Scientific classification
- Kingdom: Animalia
- Phylum: Chordata
- Class: Aves
- Order: Strigiformes
- Family: Strigidae
- Genus: Margarobyas Olson & Suárez, 2008
- Species: M. lawrencii
- Binomial name: Margarobyas lawrencii (Sclater, PL & Salvin, 1868)
- Species: Margarobyas lawrencii; †Margarobyas abronensis;
- Synonyms: Gymnasio lawrencii Otus lawrencii Gymnoglaux lawrencii

= Bare-legged owl =

- Genus: Margarobyas
- Species: lawrencii
- Authority: (Sclater, PL & Salvin, 1868)
- Conservation status: LC
- Synonyms: Gymnasio lawrencii, Otus lawrencii, Gymnoglaux lawrencii
- Parent authority: Olson & Suárez, 2008

Species of owl

The bare-legged owl (Margarobyas lawrencii), also called the Cuban bare-legged owl or Cuban screech owl, is a species of owl in the family Strigidae that is endemic to Cuba and Isla de la Juventud. It belongs to the monotypic genus Margarobyas.

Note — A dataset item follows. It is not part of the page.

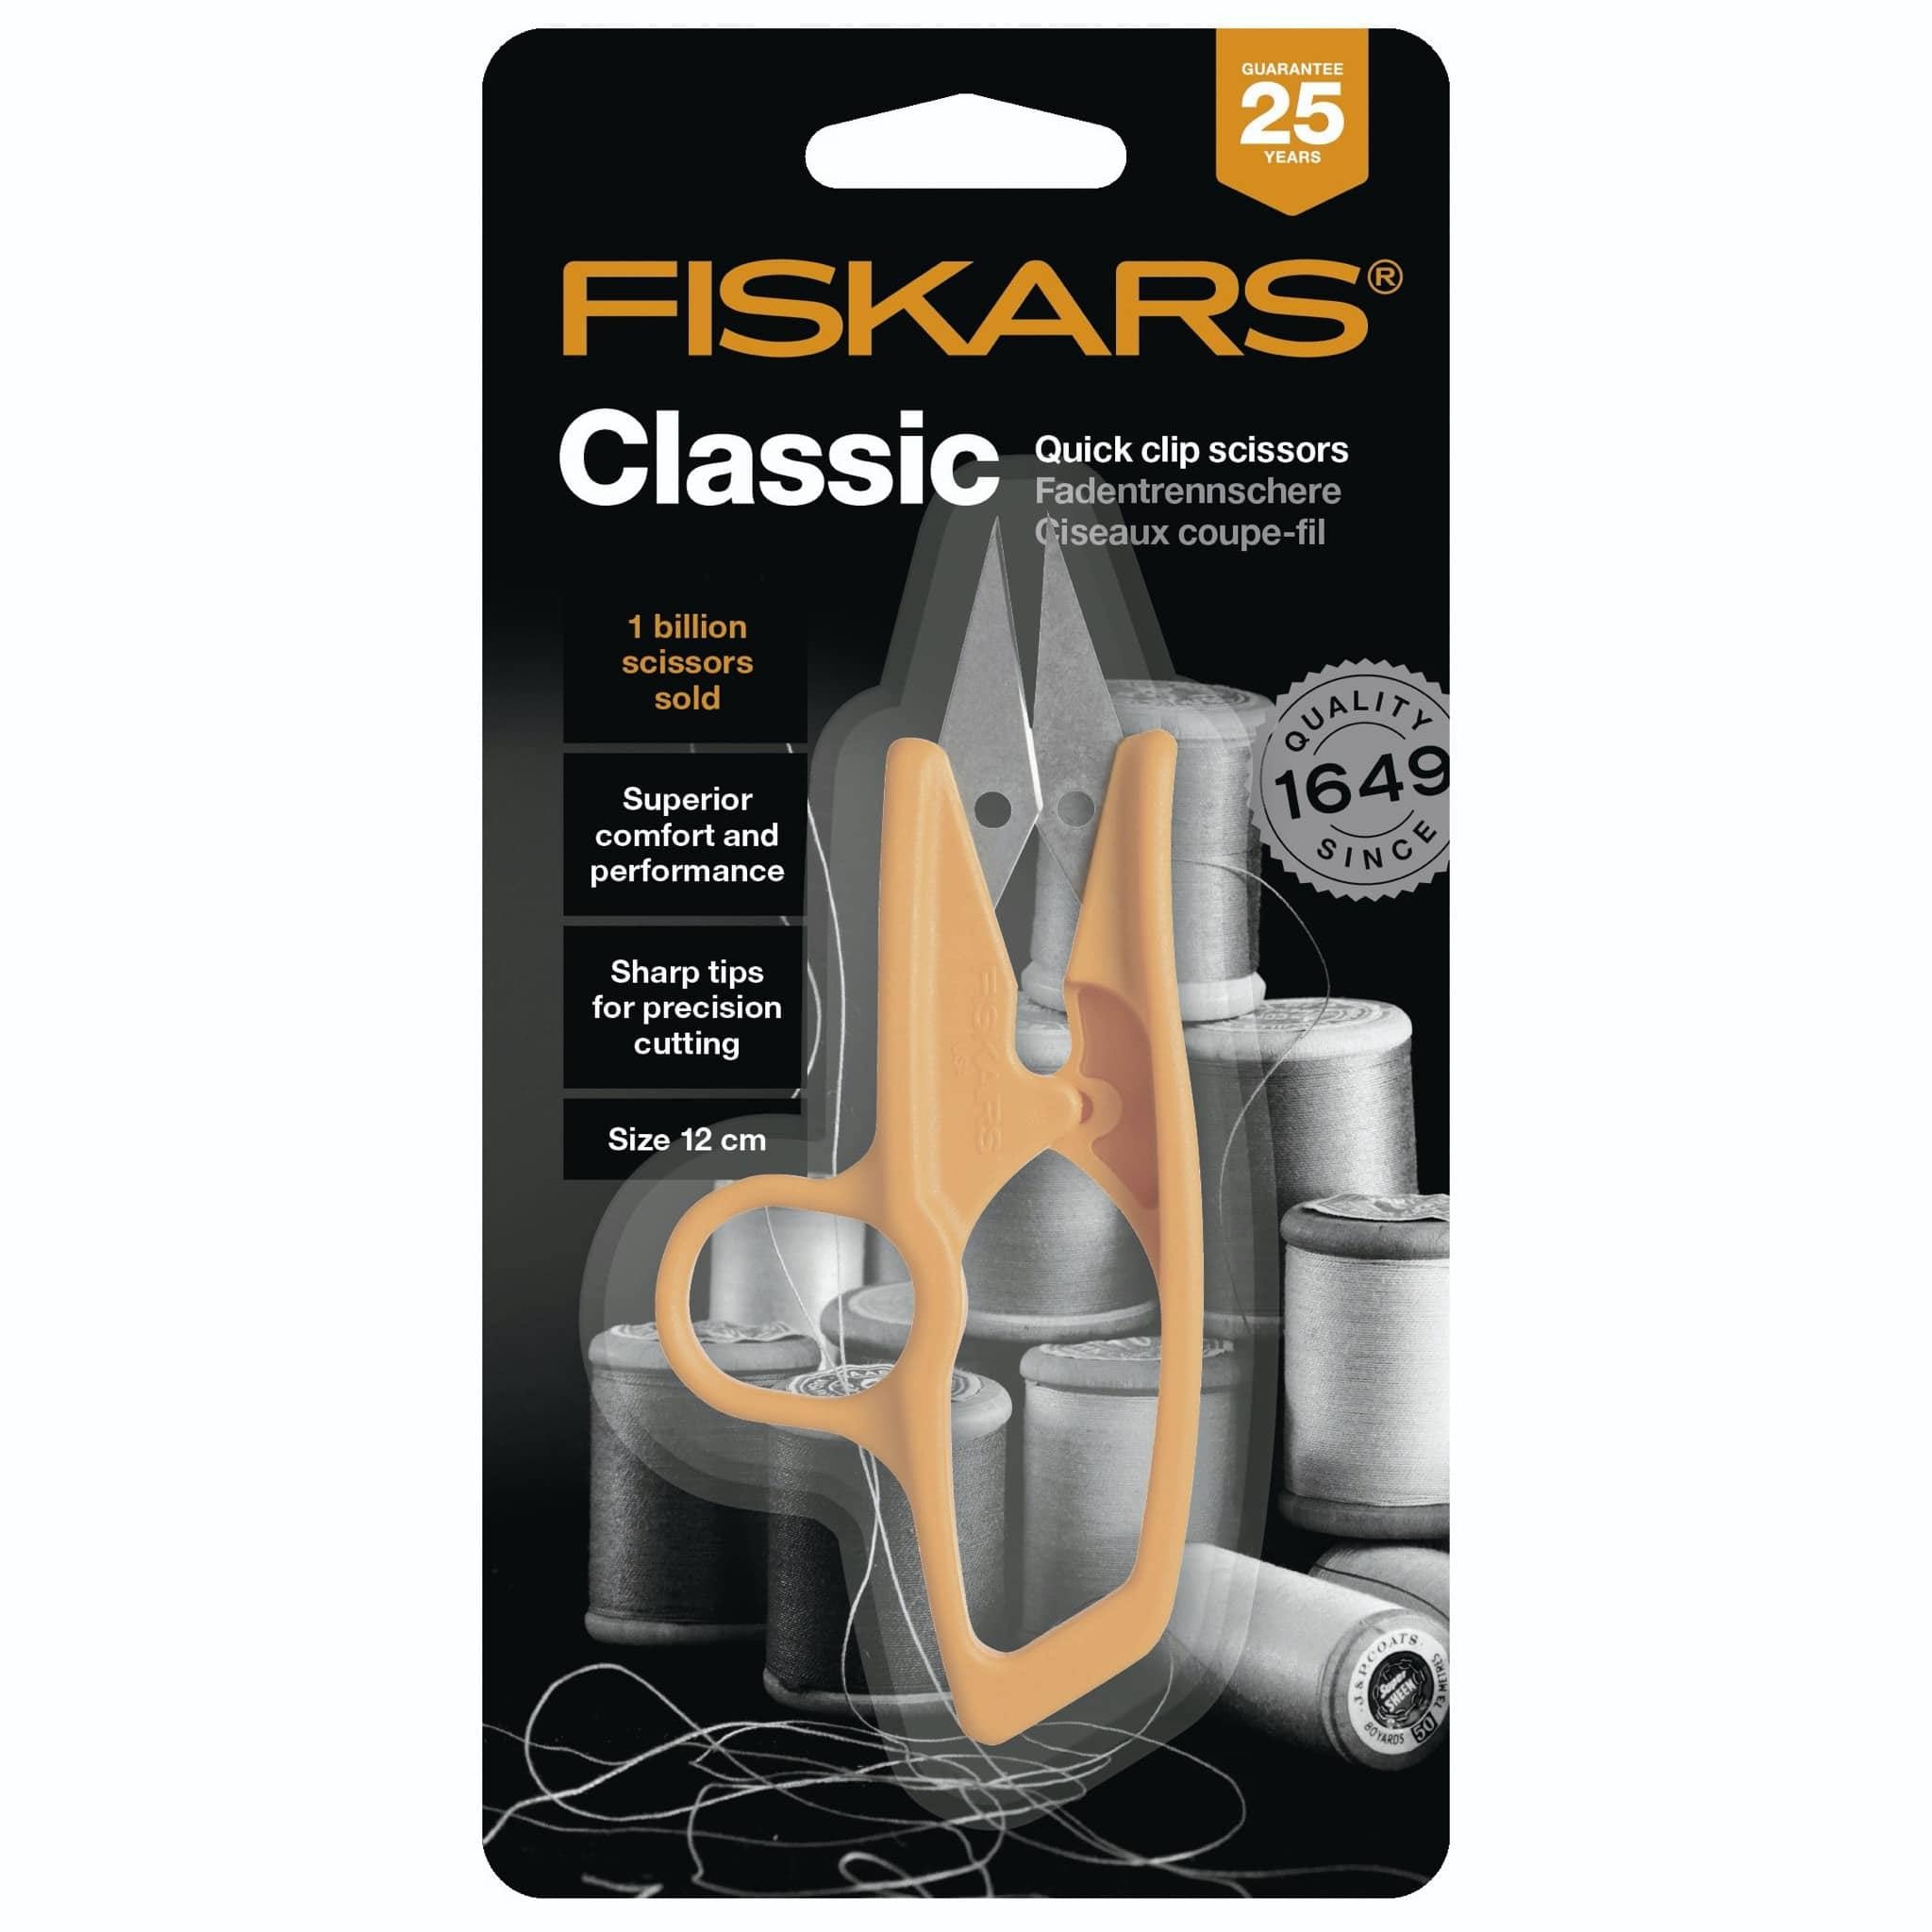 Fiskars Quick Clips (12cm/4.72in) classic

==Taxonomy and etymology==
The bare-legged owl was described in 1800 and for a time, it was considered the same species as the Puerto Rican owl. However, it was later determined to be its own species by George Newbold Lawrence in 1868. It has variously been placed in the genera "Noctua", Gymnoglaux, and Gymnasio. The American Ornithological Society moved it to the genus Otus in 1998. However, in 2003, they moved the bird back to the genus Gymnoglaux based on physical and vocal differences between the bare-legged owl and typical screech-owls. Finally, in 2008, the genus Margarobyas was proposed, as it was found that Gymnoglaux was a junior synonym of Gymnasio.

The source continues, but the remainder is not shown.